But as Velben noted, high rates of consumption lead to high levels of waste.  Higher consumption leads to faster depletion of resources.  As the standard of living increases around the globe, consumers change their habits, consuming more meat and processed foods, buying disposable products, and buying products which require more resources to produce and transport.  It is the reward of economic development, but carries environmental costs.

The Role of Sharing in the Global Economy

Sharing is a fundamental human gesture of kindness.  It is encapsulated in Karl Marx’s phrase: “From each according to his abilities, and to each according to his needs”, (once described to me as one of the highest expressions of human ethics). 
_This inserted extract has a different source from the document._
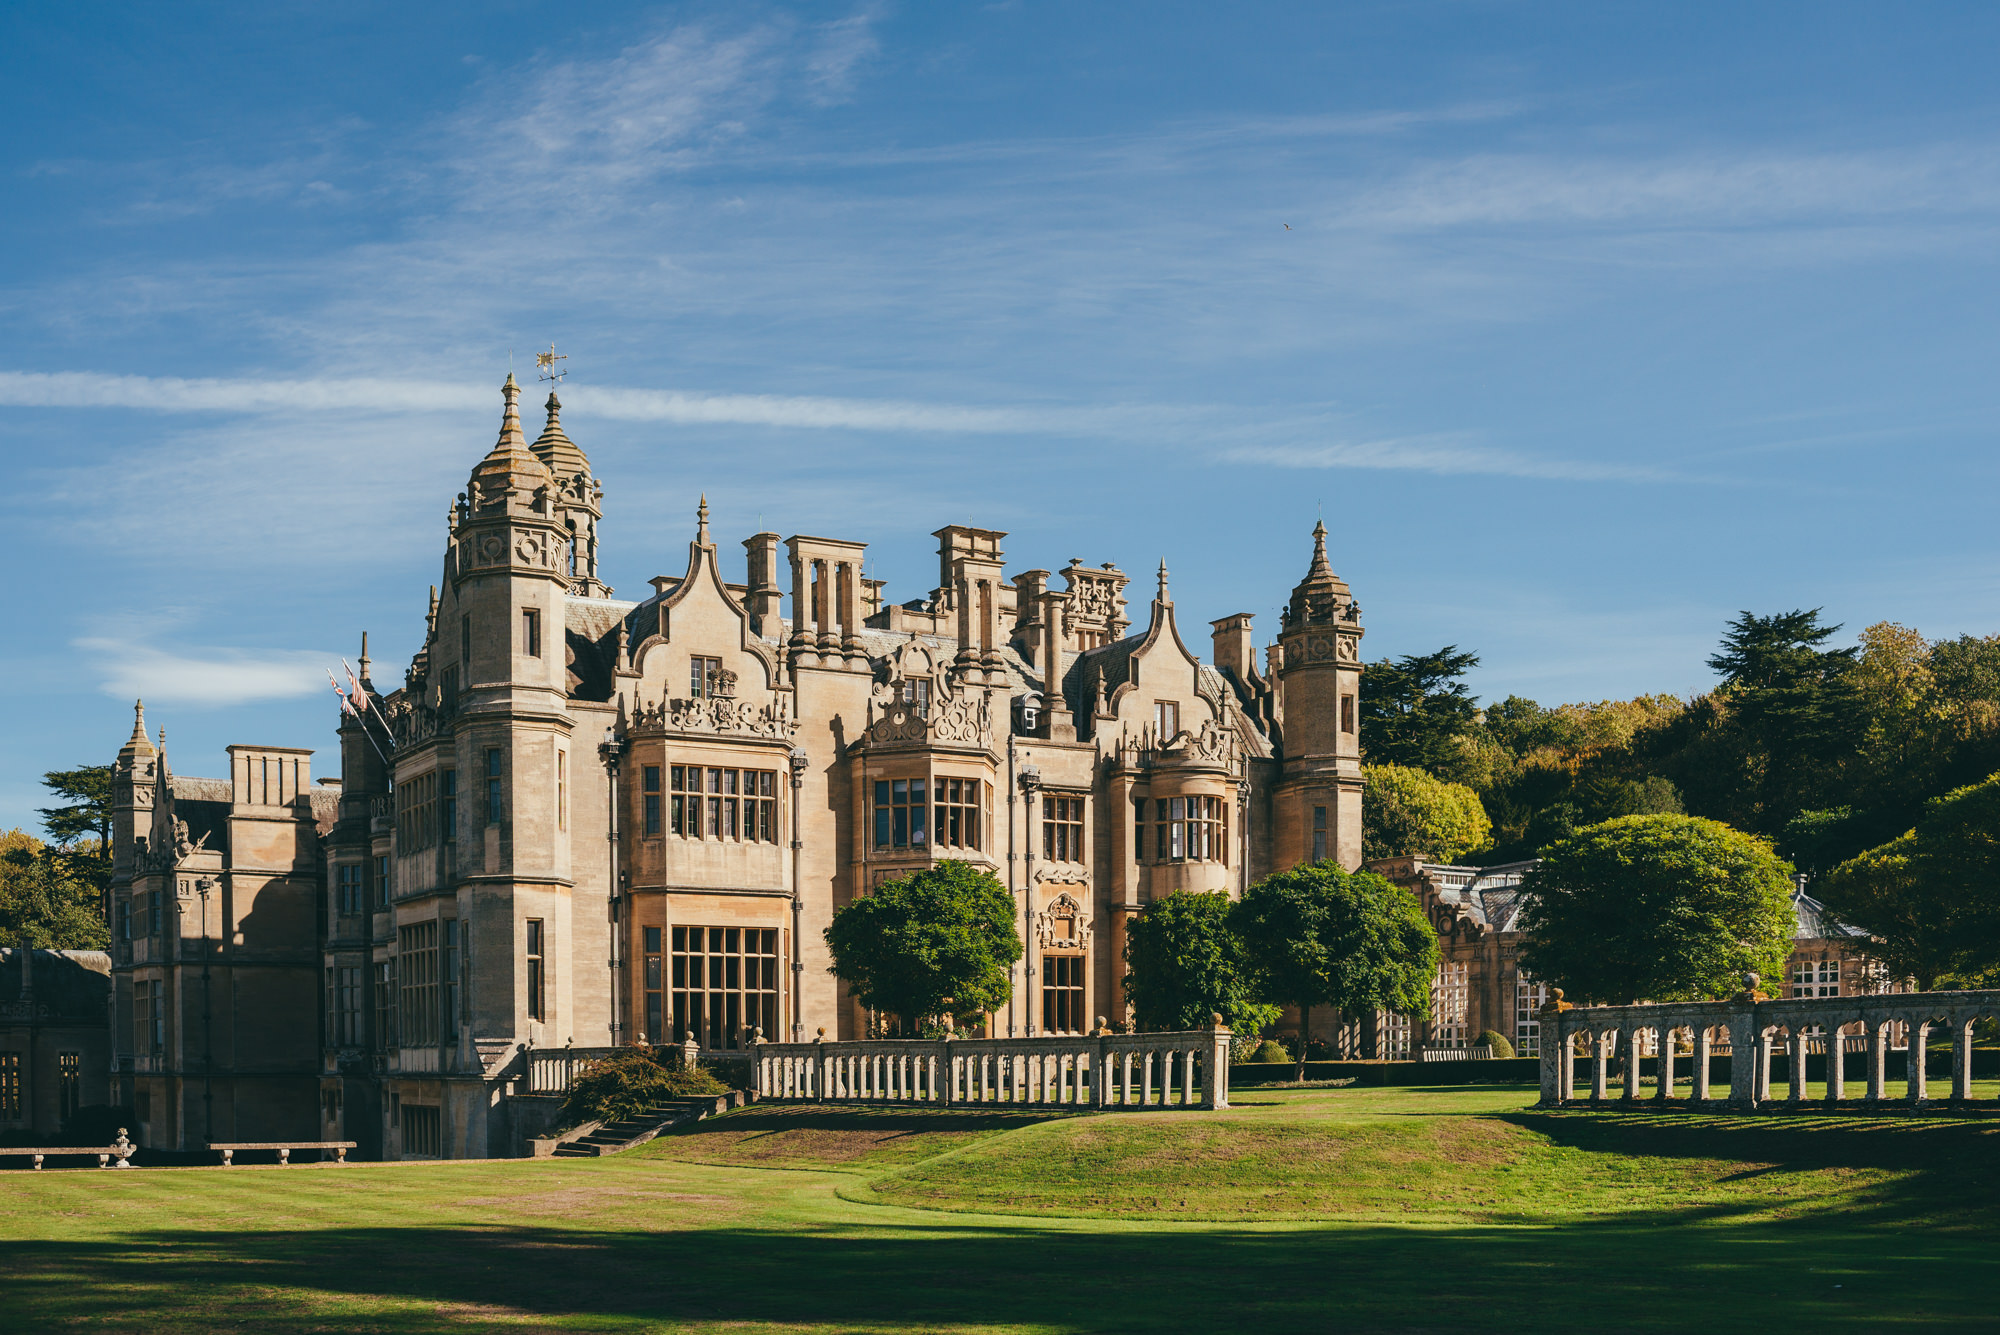 Rear view of harlaxton manor in the sunshine
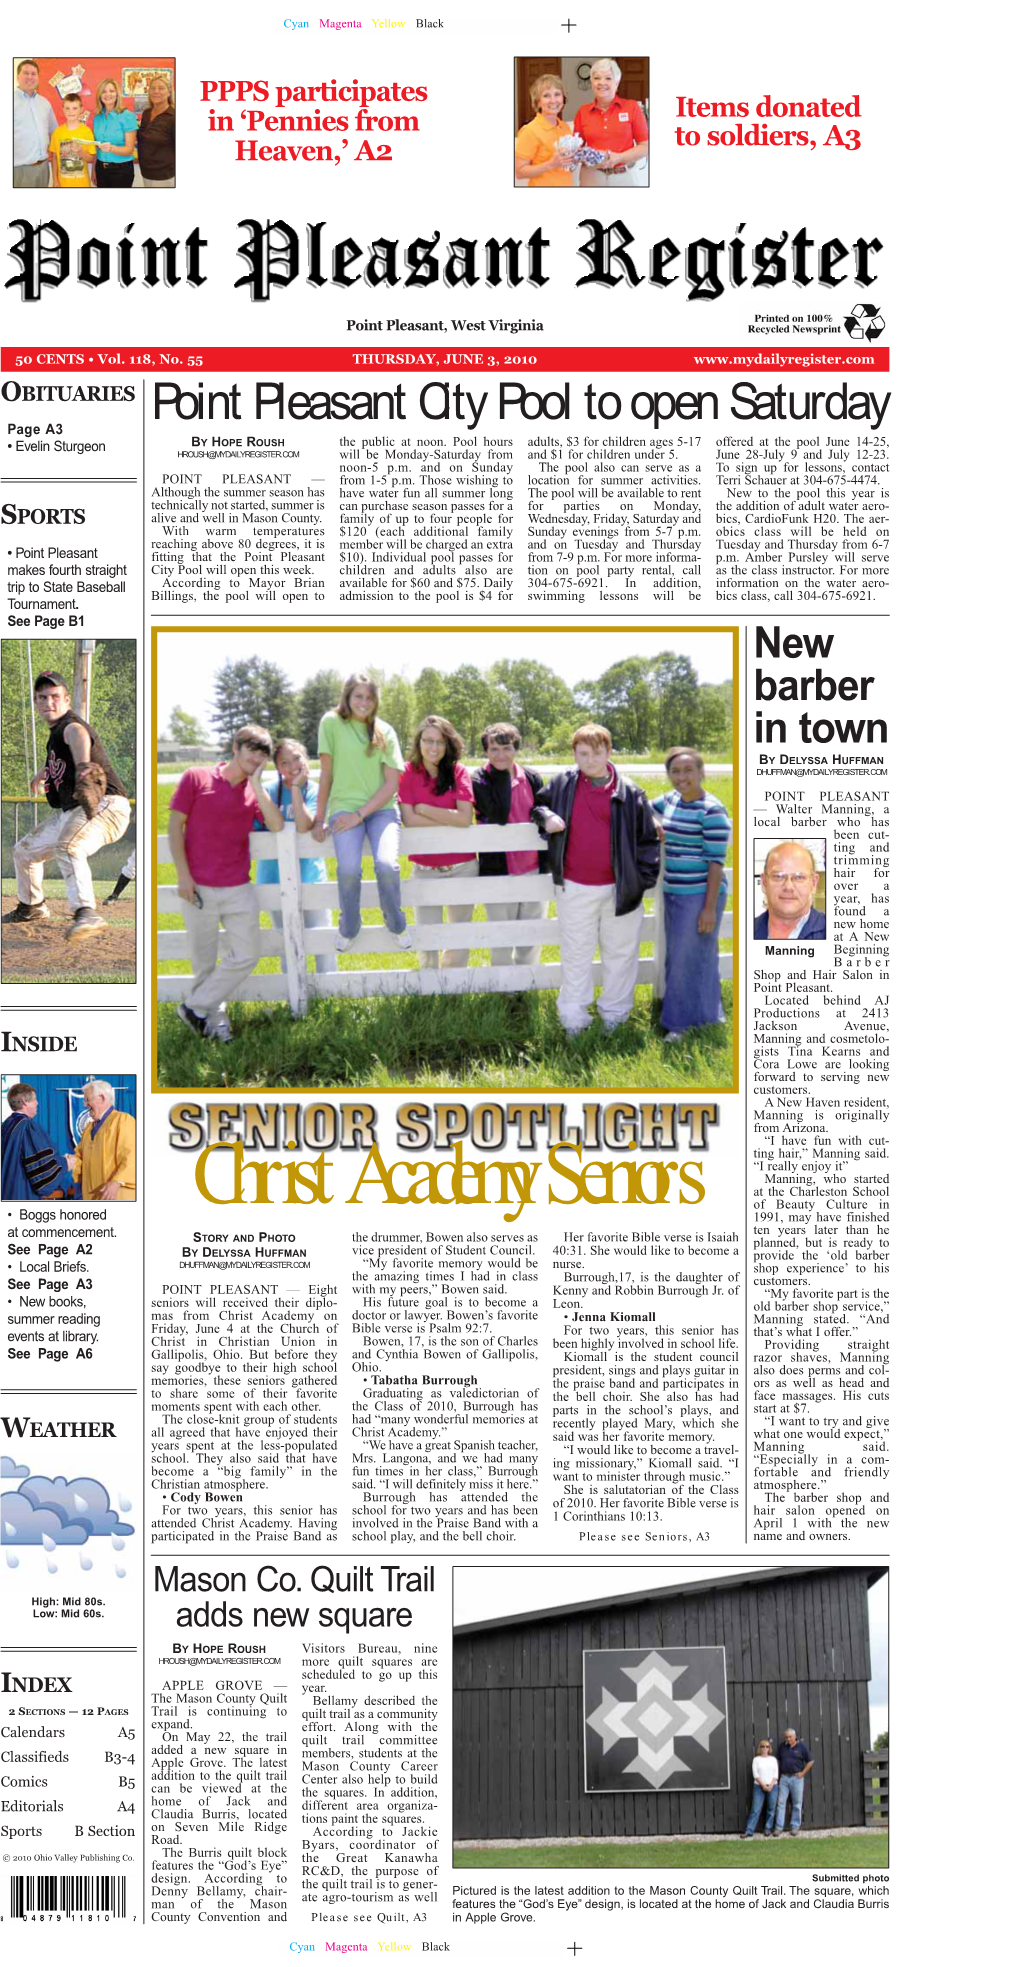 Point Pleasant City Pool to Open Saturday Page A3 • Evelin Sturgeon by HOPE ROUSH the Public at Noon

But sharing in modern economies and across international boundaries is complex.  Sharing goods without sharing employment provides no future.  Sharing employment (as in the low-wage factories of East Asia) without sharing wealth is exploitation.  Globalization and economic development of less-developed nations is a form of sharing, but must proceed according to decent standards of human rights, human dignity, worker safety, environmental responsibility and living wages, enforced by the purchasing practices of the companies importing goods from developing countries.  Companies buying goods in foreign markets have a responsibility to know their suppliers, and to buy from ethical manufacturers.  Consumers have a responsibility to know which products are produced ethically, and which are not, and to choose accordingly.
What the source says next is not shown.